**How to complete this task**
All that is needed is the first stretch of the listing below, repeated exactly and ending with the line that contains "Close-up of a". Pictures are to be left out.

**Data excerpt**
※

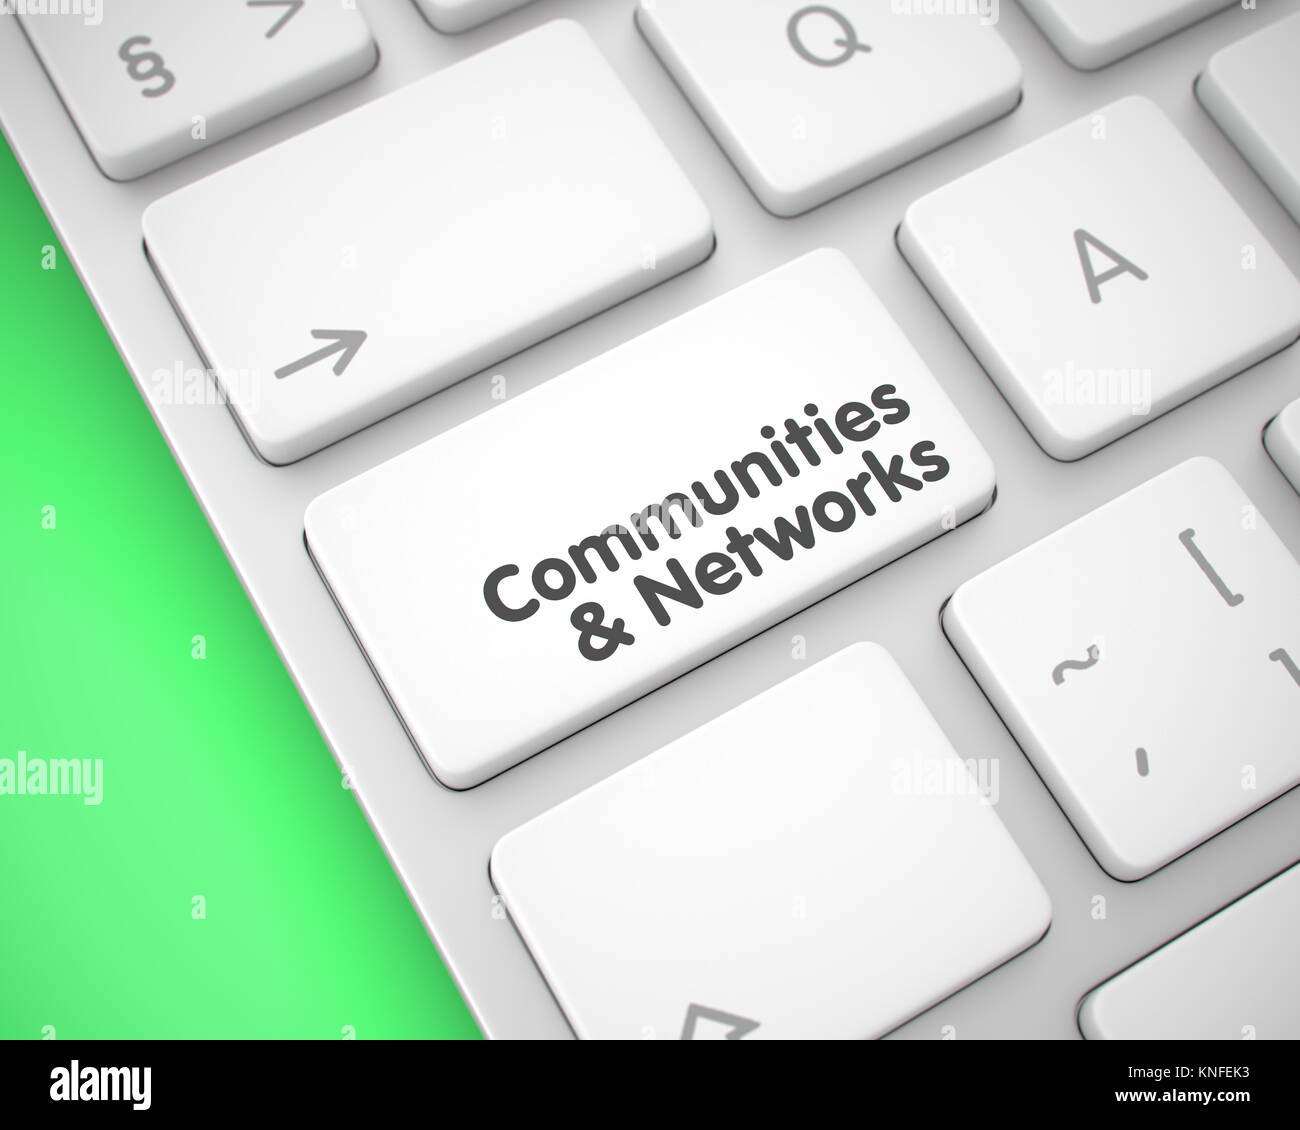 Communities And Networks on White Keyboard Button. 3D. Stock Photo
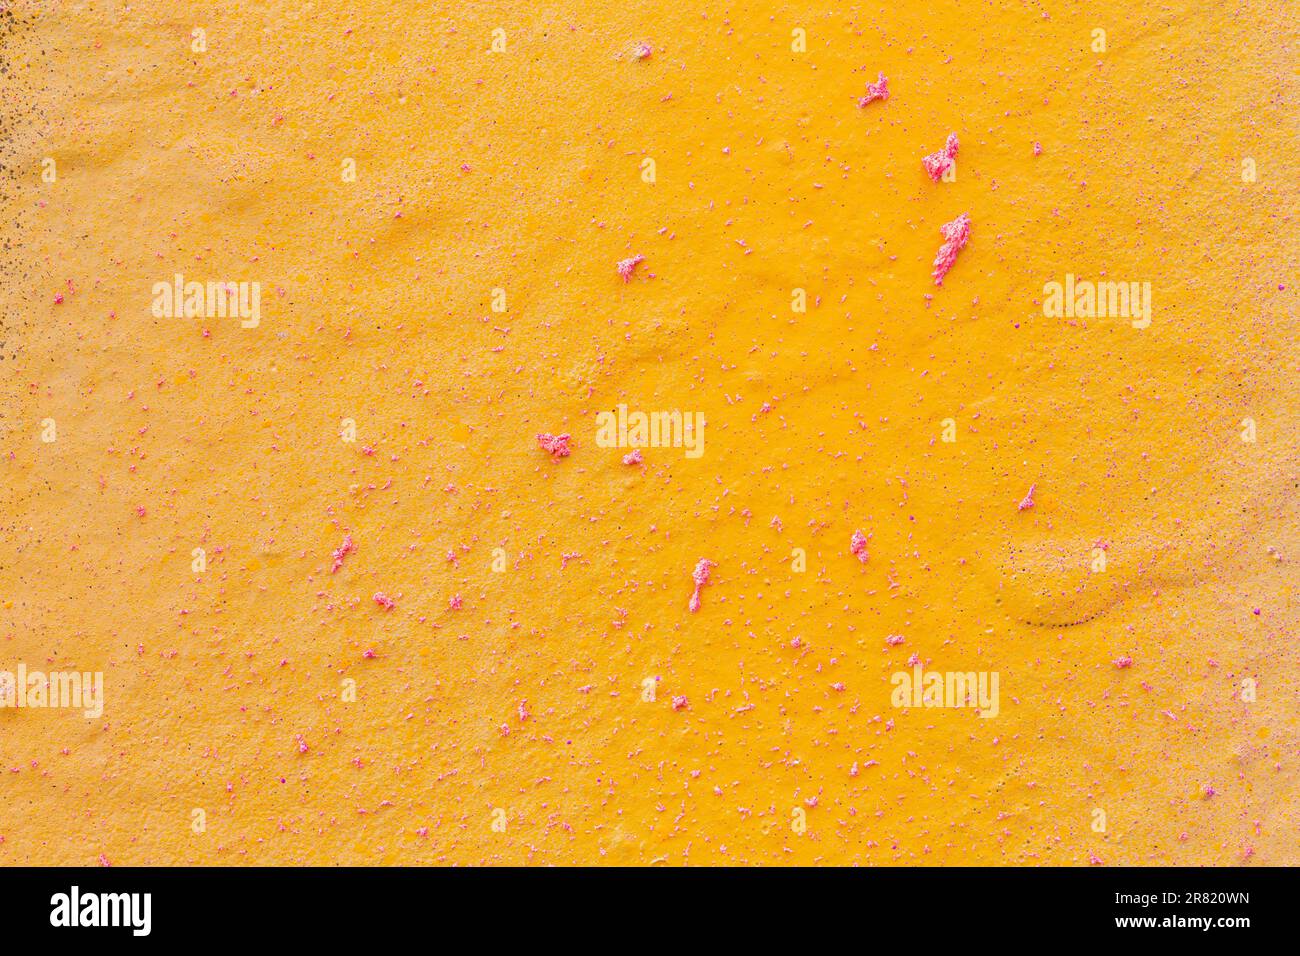 Close-up of a spray painted yellow orange wall with pink splashes. Abstract full frame textured grunge graffiti background with copy space. Stock Photo
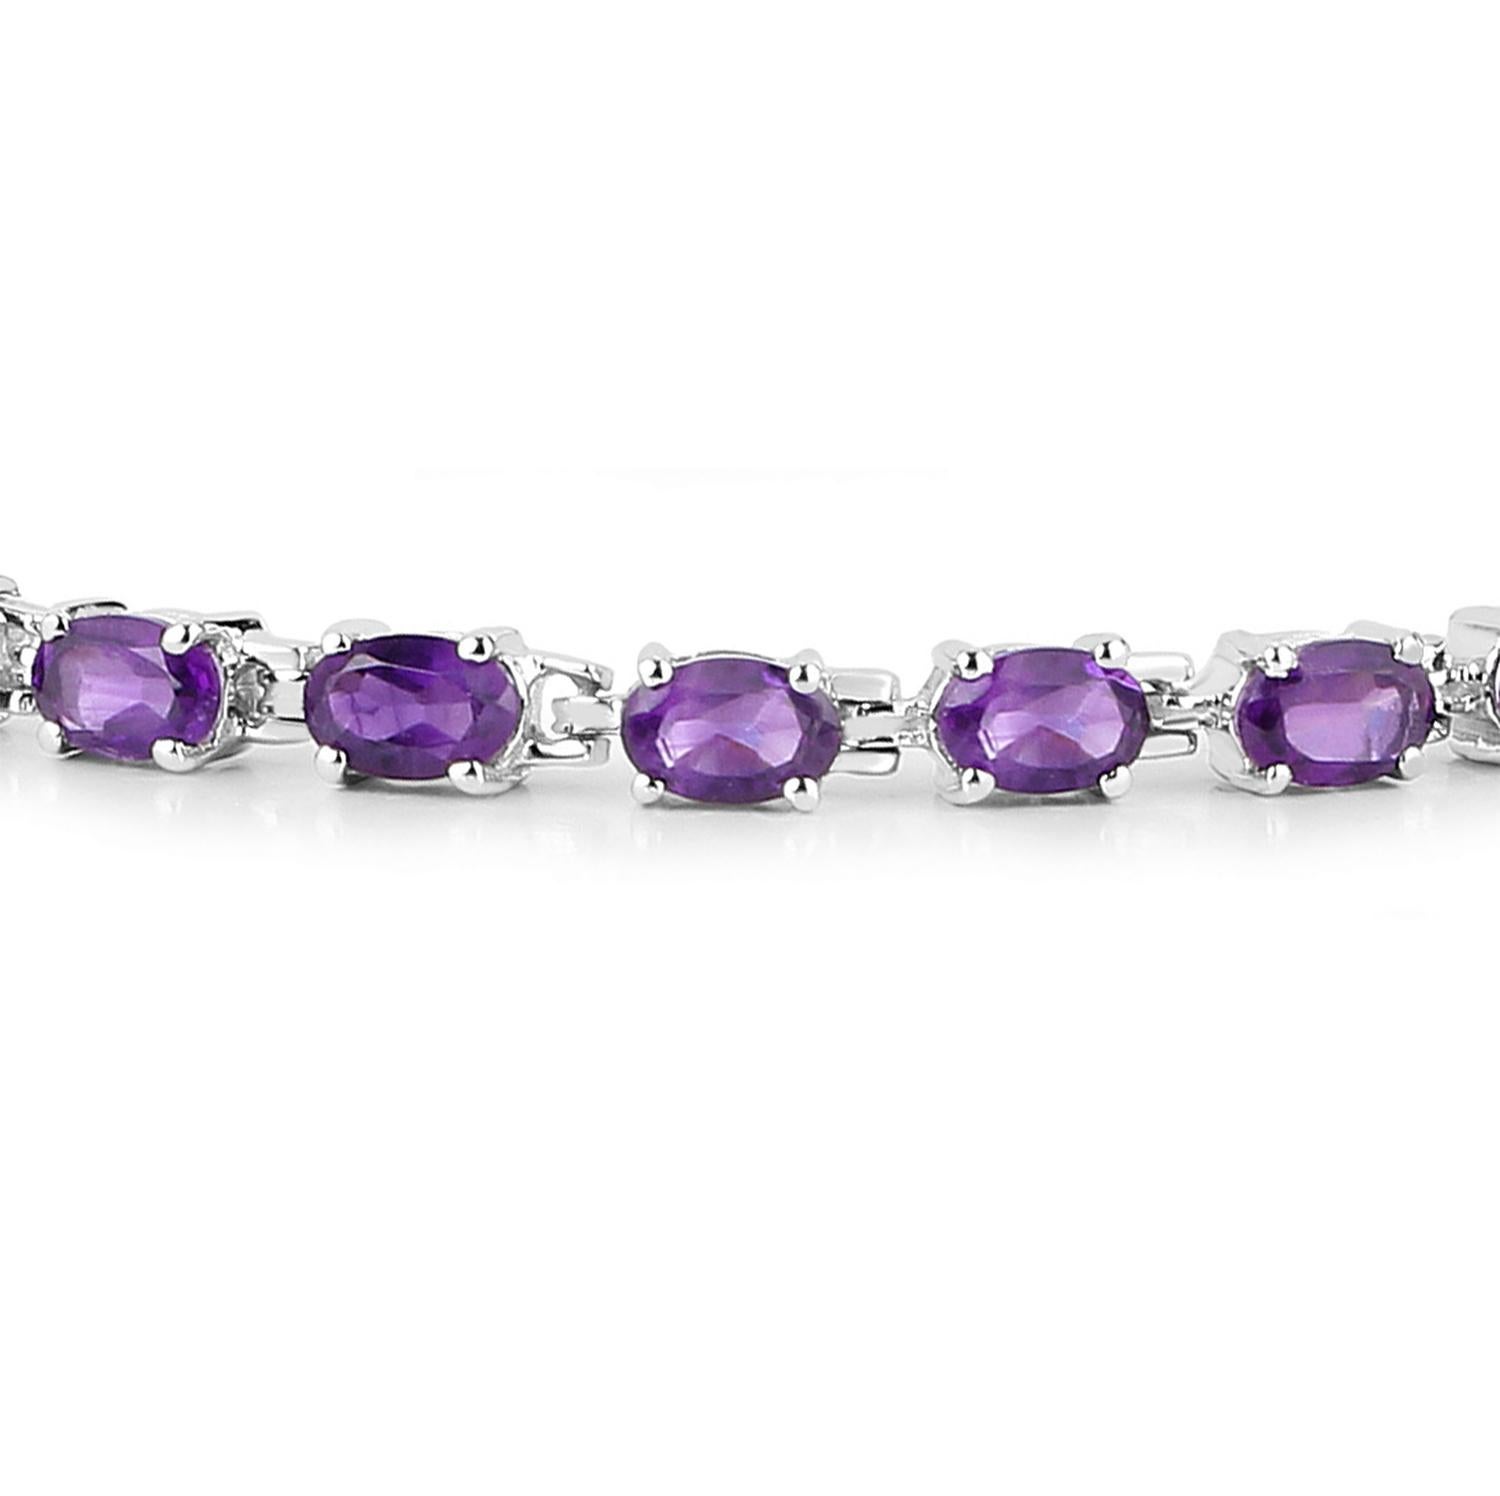 Contemporary Amethyst Tennis Bracelet 7.98 Carats Rhodium Plated Sterling Silver For Sale

※

**Solution for this task**
 Communities And Networks on White Keyboard Button. 3D. Stock Photo
 Close-up of a spray painted yellow orange wall with pink splashes. Abstract full frame textured grunge graffiti background with copy space. Stock Photo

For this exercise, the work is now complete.